Seperti biasa, aku biarkan ia menumpahkan segala keluh kesahnya terlebih dahulu. Setelah tenang, baru aku mengajaknya bicara.

....
"Karmila...
Kamu sudah lama mengenalku. Kamu tahu kan bahwa aku tidak berteman dengan sembarang orang. Lalu kenapa aku mau berteman denganmu?
Karena kamu adalah perempuan yang kuat.
Kamu adalah chargerku saat aku lowbat.
Aku kaget melihatmu menjadi perempuan lemah seperti ini Karmila...
Kamu menikah dengan Arif karena kamu mencintainya. Bukan dijodohkan, apalagi dipaksakan. Artinya, kamu telah siap menerima segala kelebihan beserta kekurangan yang mengikut dalam dirinya.
Karmila...
Pernikahan bukanlah semanis foto pra wedding. Dimana kamu bisa menentukan berapa banyak yg akan di edit, bagian mana yang akan kamu buang dan berapa jumlah adegan yang harus kamu potong.
Pernikahan Ibarat Kapal yang didalamnya ada Nahkoda dan Awak, dimana setiap peran butuh kesungguhan dan keikhlasan dalam menjalankannya.
Pernikahan itu bukan mainan yang ketika kamu bosan, kamu bisa melemparnya ke Tong sampah kapan saja kamu mau.
Karmila...
Tak ada rumah tangga yang tidak di uji Apalagi pengantin baru sepertimu. Sabarlah Karmila. Tegarlah...
Ini ujian Allah buatmu, agar kamu bisa naik kelas ke tingkat yang lebih tinggi".
...
Aku menasehati Karmila panjang lebar.
Ia diam...
Namun pada akhirnya mengikuti saranku untuk mencoba Intropeksi diri sebelum melayangkan gugatan cerainya kepada Arif, lelaki yang ia nikahi 4 bulan yang lalu tersebut.
...
Yap,
Inilah pekerjaan sampinganku, menjadi konseling rumah tangga dadakan. Entah sejak kapan aku memulai 'karir' ini, aku lupa.

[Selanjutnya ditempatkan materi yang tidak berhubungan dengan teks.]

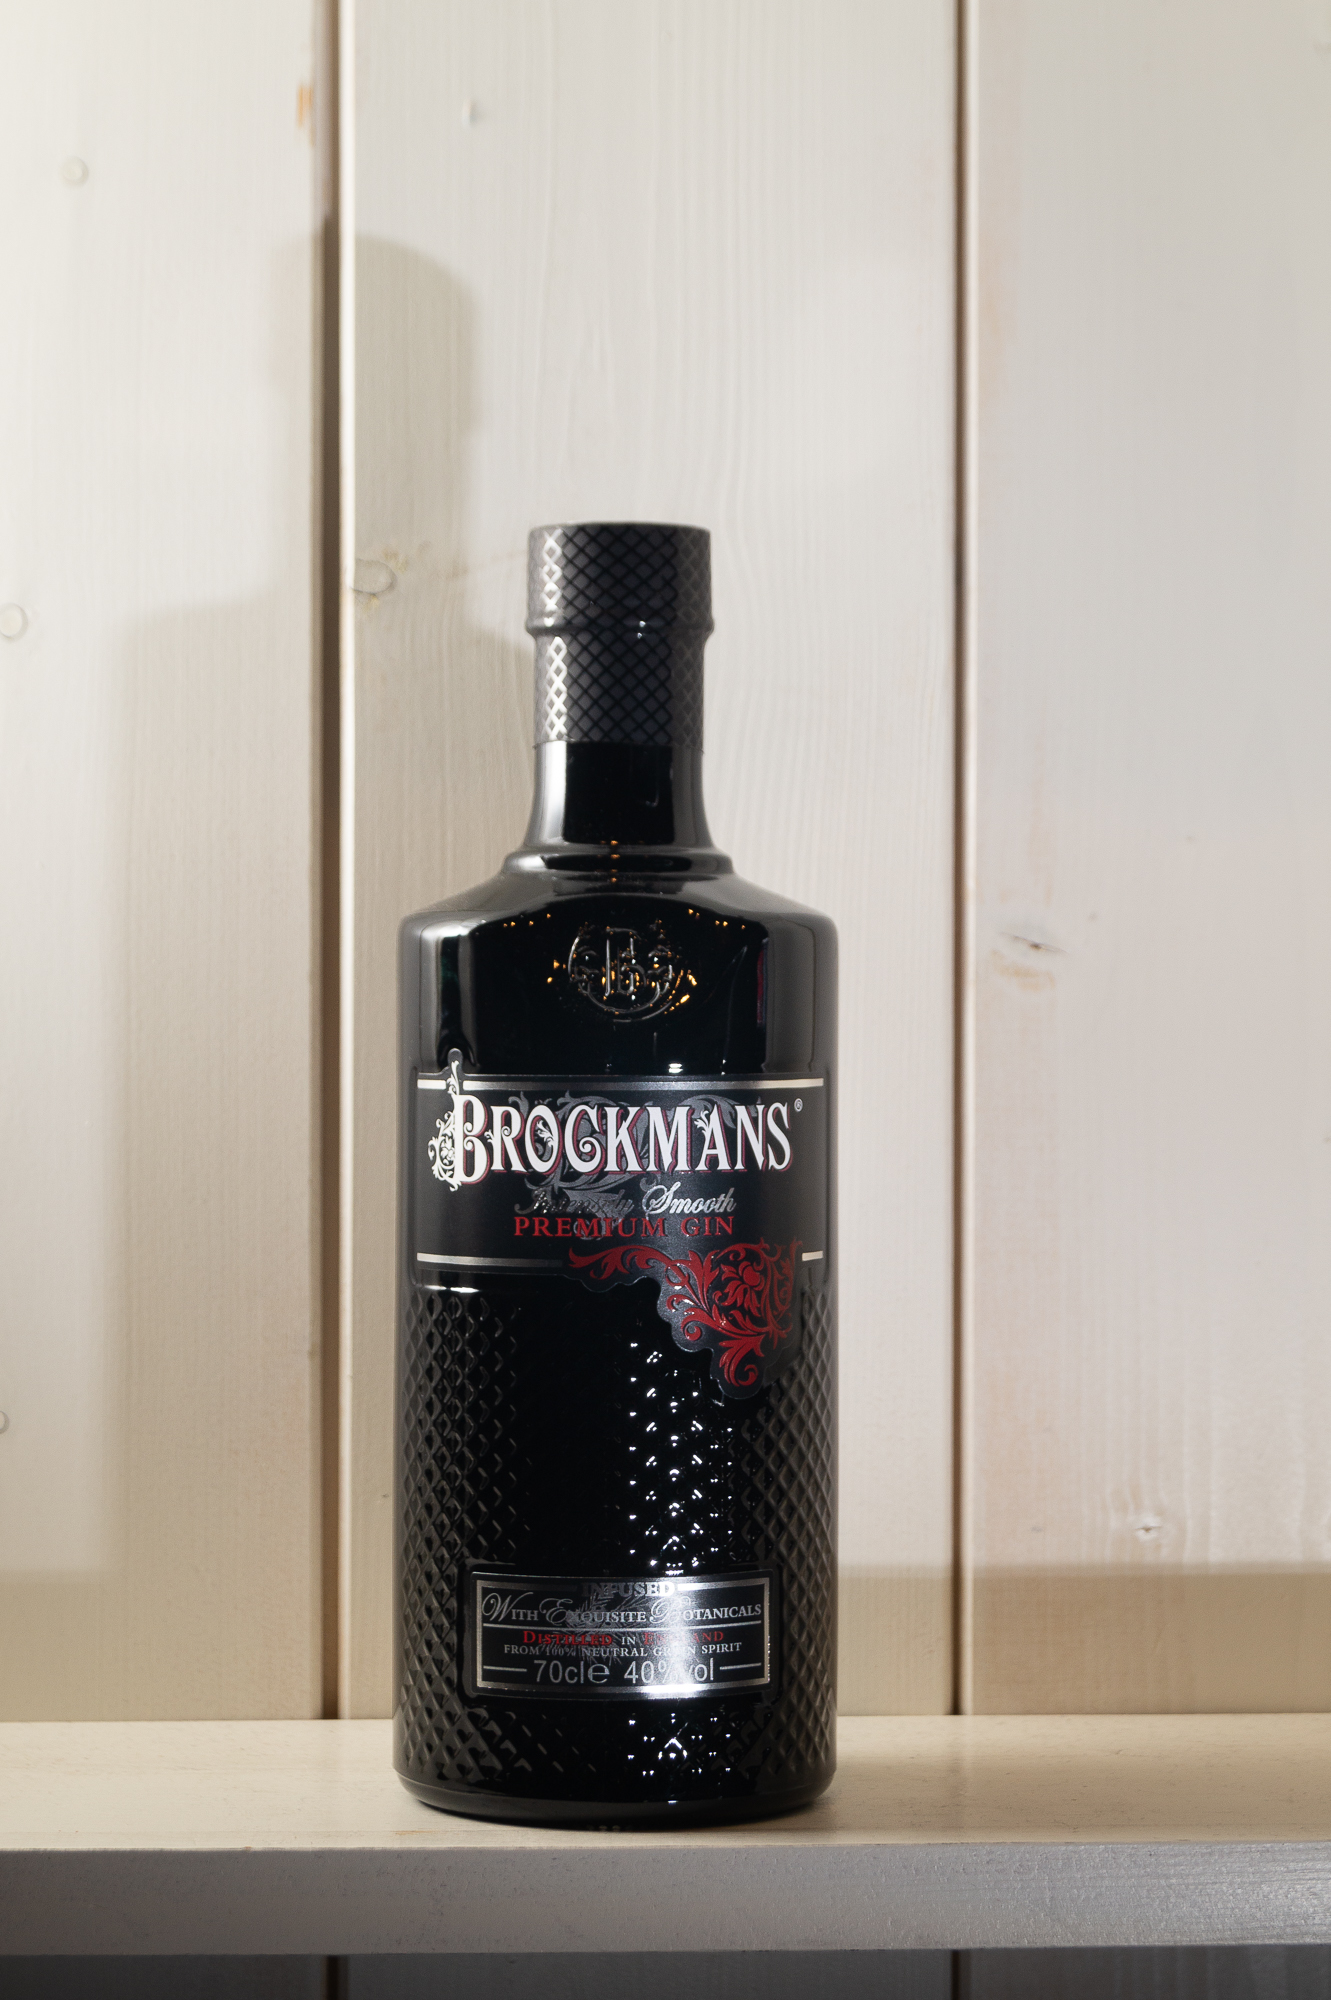 Brockmans Intensly Smoothe Premium Gin

Yang kuingat, gara-gara 'ceramahku' ini aku sudah banyak menyelamatkan rumah tangga sahabatku yang hampir kandas di pengadilan agama.
Suatu saat pernah ku tanya Yarni, sepupuku. Mengapa ia lebih memilih meminta pertimbangan ku dibanding orang-orang terdekatnya yang lebih berpengalaman dariku.
"Sebab hidupmu hampir sempurna. Kamu Baik, Cerdas, Mapan, Bijak, punya anak yang lucu dan punya suami yang juga sangat menyayangimu. Aku ingin belajar darimu bagaimana cara membentuk rumah tangga se sakinah itu", Jawabnya enteng.
Dan akupun hanya bisa tersenyum...
Senyum sambil menahan butiran air mata dikelopakku, betapa sesaknya mendengar pujian yang salah alamat tersebut.
**
"Mau kemana Mas?", Tanyaku.
"Mau keluar sebentar, ada meeting penting di Kantor", jawabnya datar sambil berlalu di hadapanku. Diciumnya Annisa, anak kami. Ia keluar tanpa mengucapkan sepatah katapun padaku.
Aku menarik napas panjang...
Jika orang yang baru melihat kami, mereka akan berpikir bahwa kami sedang bertengkar. Padahal tidak.
Inilah wajah rumah tanggaku yang sebenarnya. Kaku dan dingin. Ia seperti tubuh yang mati suri. Tak berasa sama sekali. Bagiku, ini tak layak disebut rumah tangga. Ini adalah panggung sandiwara. Semuanya palsu.
Hampir 10 tahun sudah aku menjadi isterinya. Isteri dari Wirya Mangkubumi...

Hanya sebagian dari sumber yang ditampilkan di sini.